WORK ORDER>
Search the listing below for the line containing "PEAR PEARS ILLUSTRATION". From there through the line containing "Kan Tong Satay", transcribe every line exactly, both ends included.

RECORDS TO PROCESS>
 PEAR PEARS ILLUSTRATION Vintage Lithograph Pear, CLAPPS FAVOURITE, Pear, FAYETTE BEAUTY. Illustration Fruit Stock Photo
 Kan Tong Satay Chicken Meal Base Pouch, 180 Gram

...

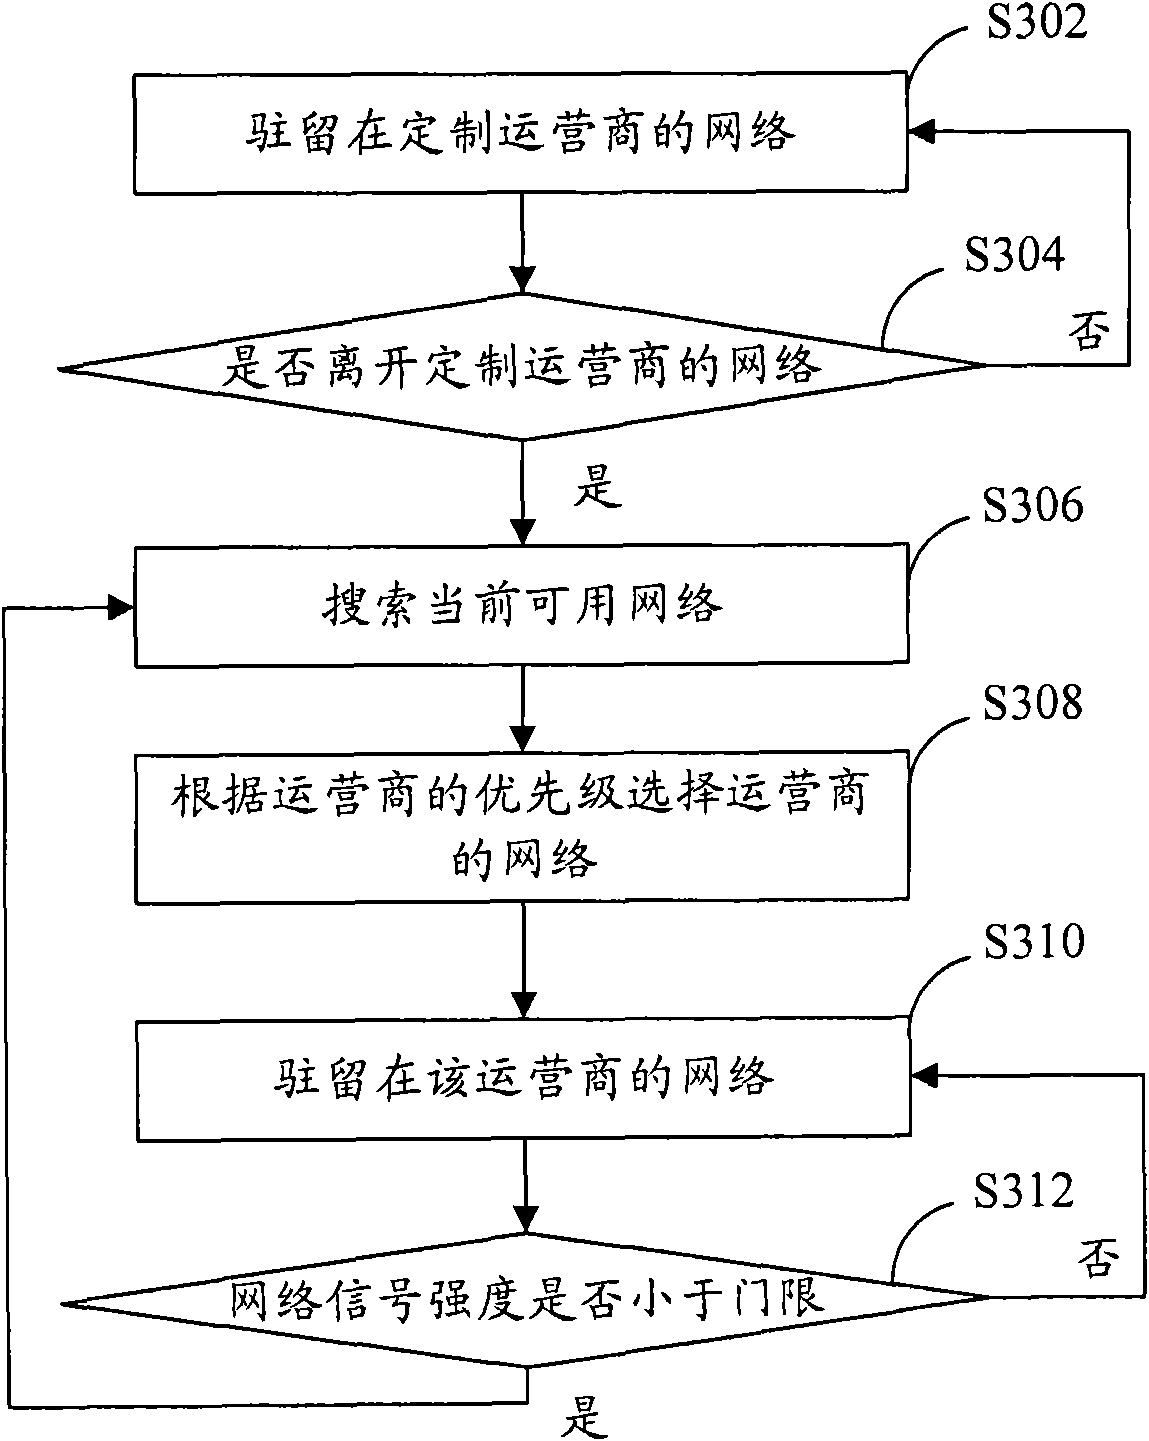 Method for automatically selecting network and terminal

REPLY TO THE EXERCISE>
 PEAR PEARS ILLUSTRATION Vintage Lithograph Pear, CLAPPS FAVOURITE, Pear, FAYETTE BEAUTY. Illustration Fruit Stock Photo
 Kan Tong Satay Chicken Meal Base Pouch, 180 Gram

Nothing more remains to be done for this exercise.